_Instructions to follow_.
Copy the records below exactly, starting at the line that contains "Aroma-Pflegeschaumbad Erkältungszeit Eukalyptus-Minze" and ending at the line that contains "Weizmann, Chaim, 27.11.1874"; leave out any pictures.

_Data for processing_.
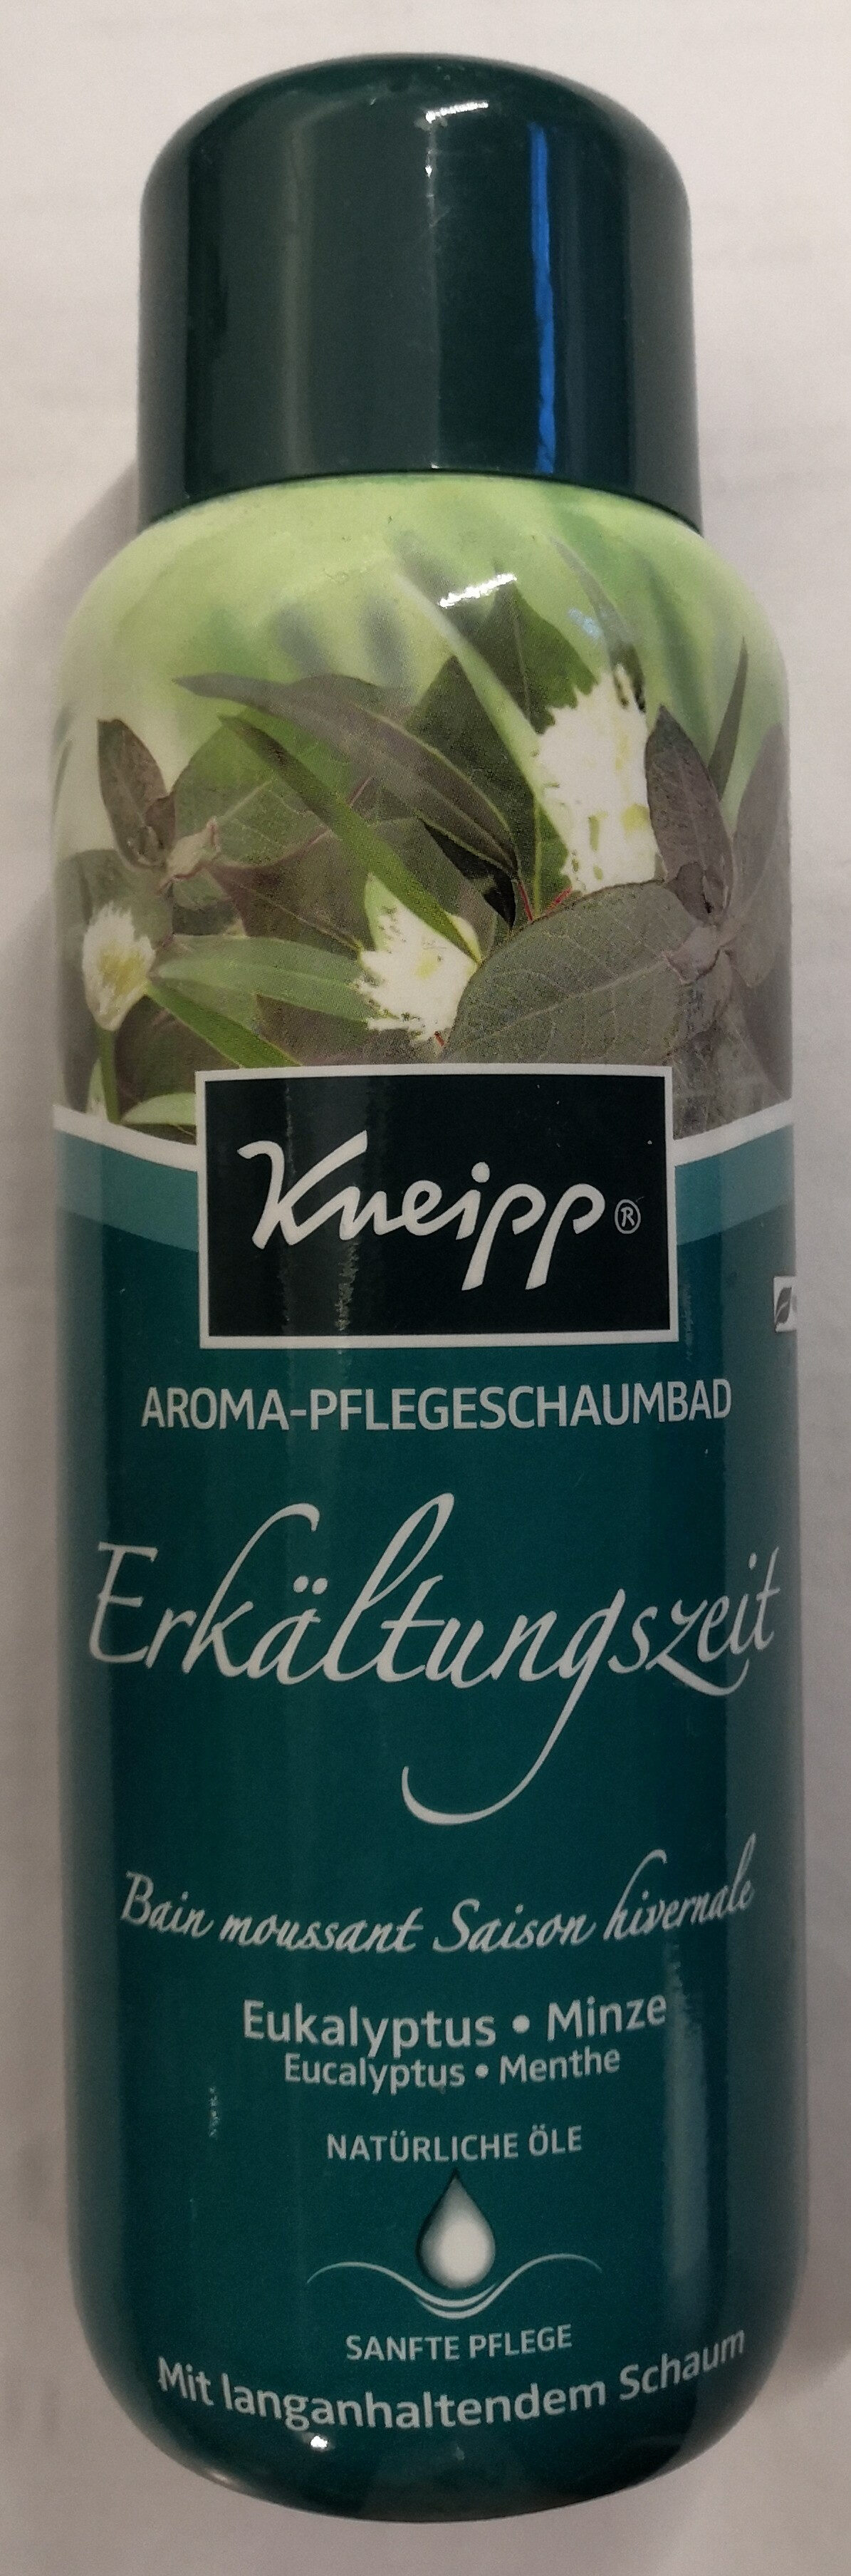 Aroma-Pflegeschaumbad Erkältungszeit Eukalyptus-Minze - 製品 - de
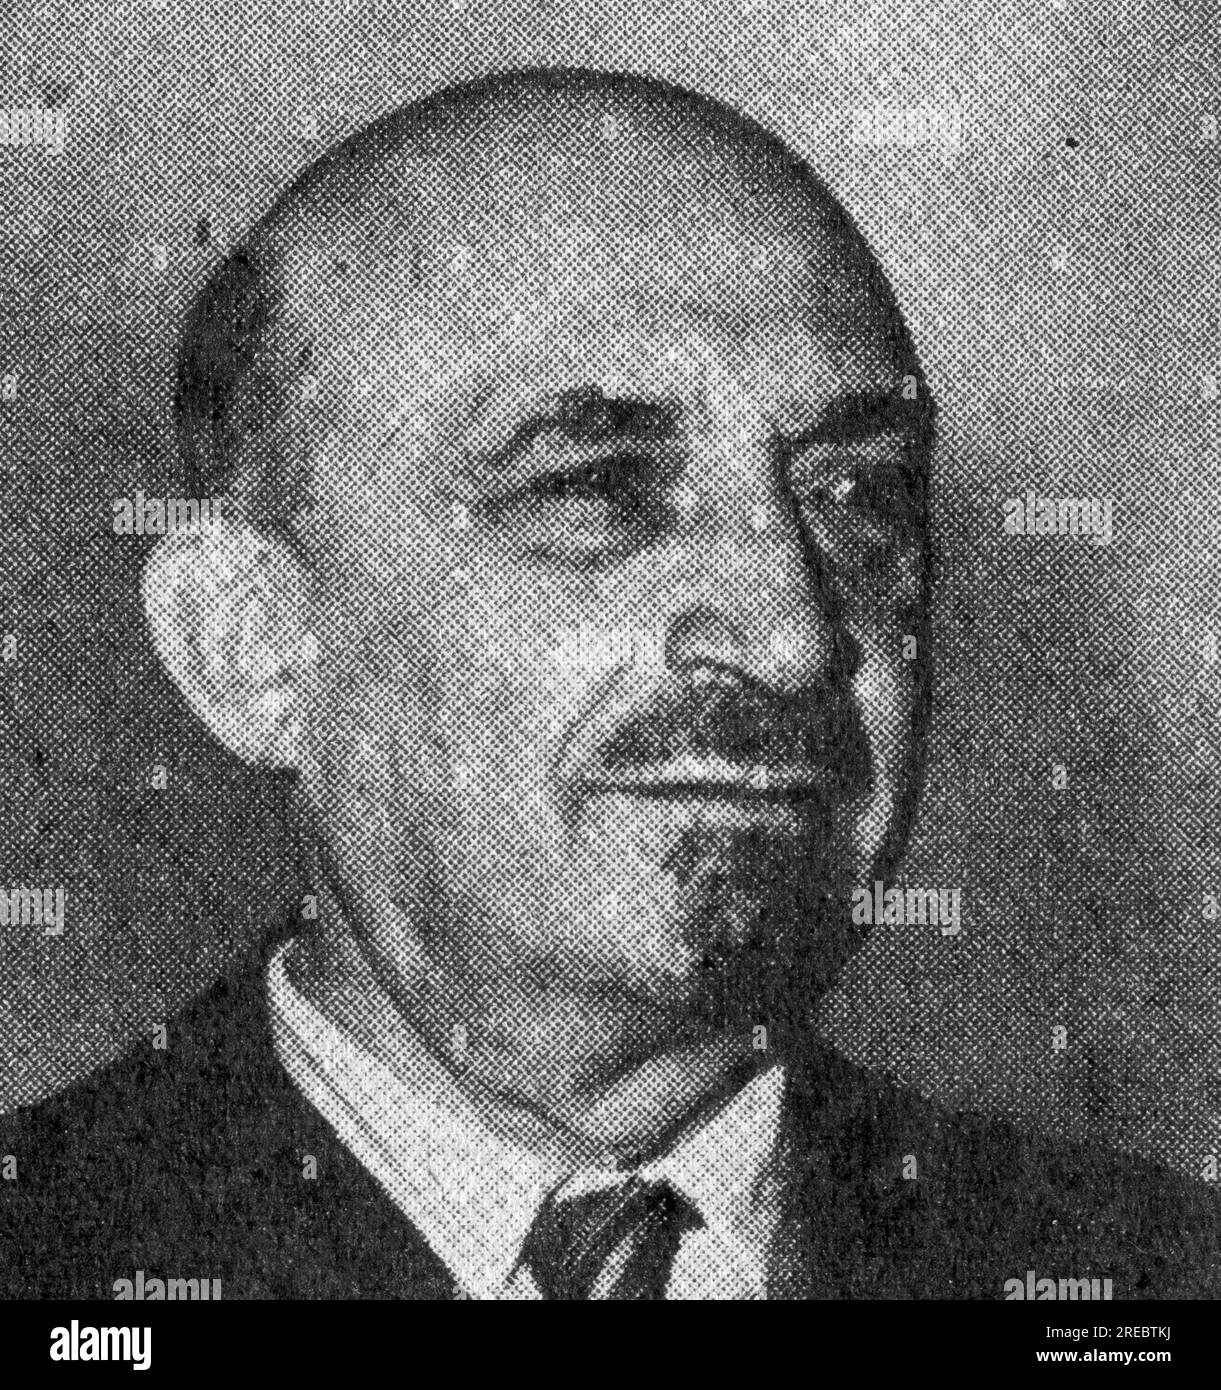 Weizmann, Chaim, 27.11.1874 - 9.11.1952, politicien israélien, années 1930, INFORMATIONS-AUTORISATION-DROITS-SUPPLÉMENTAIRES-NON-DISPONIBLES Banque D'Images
...
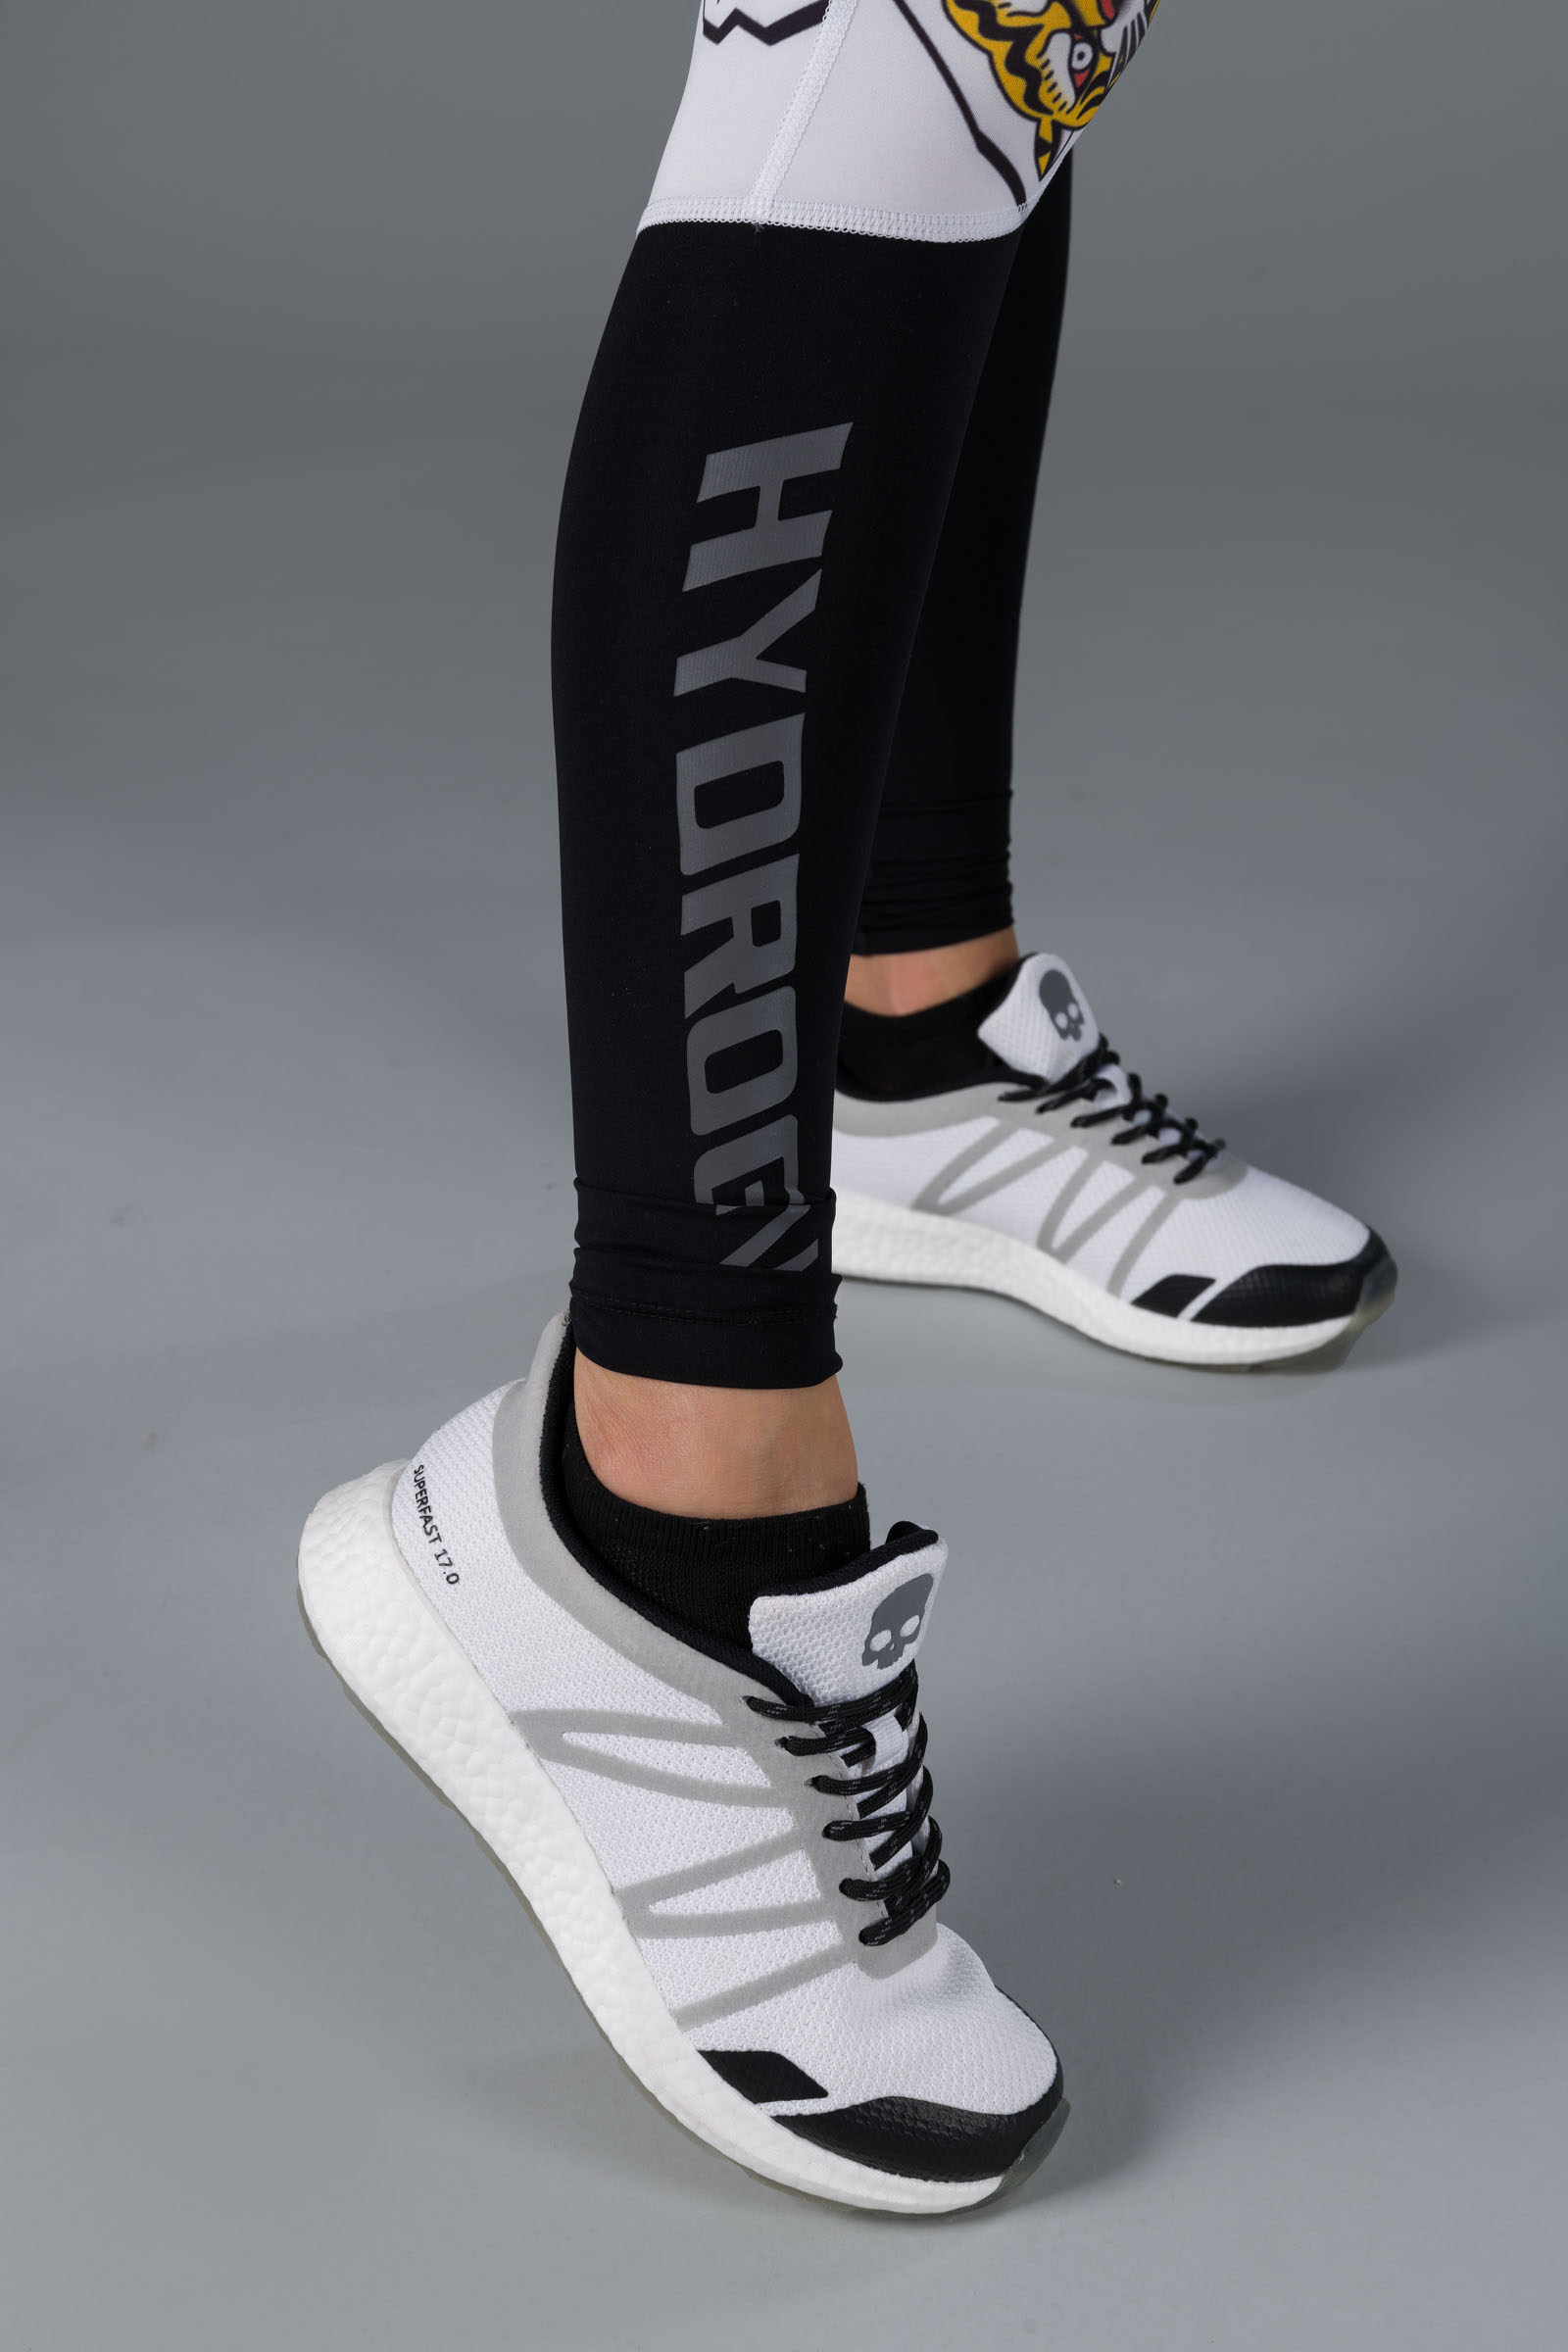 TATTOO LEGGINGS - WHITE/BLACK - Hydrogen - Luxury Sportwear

_Your solution_.
 Aroma-Pflegeschaumbad Erkältungszeit Eukalyptus-Minze - 製品 - de
 Weizmann, Chaim, 27.11.1874 - 9.11.1952, politicien israélien, années 1930, INFORMATIONS-AUTORISATION-DROITS-SUPPLÉMENTAIRES-NON-DISPONIBLES Banque D'Images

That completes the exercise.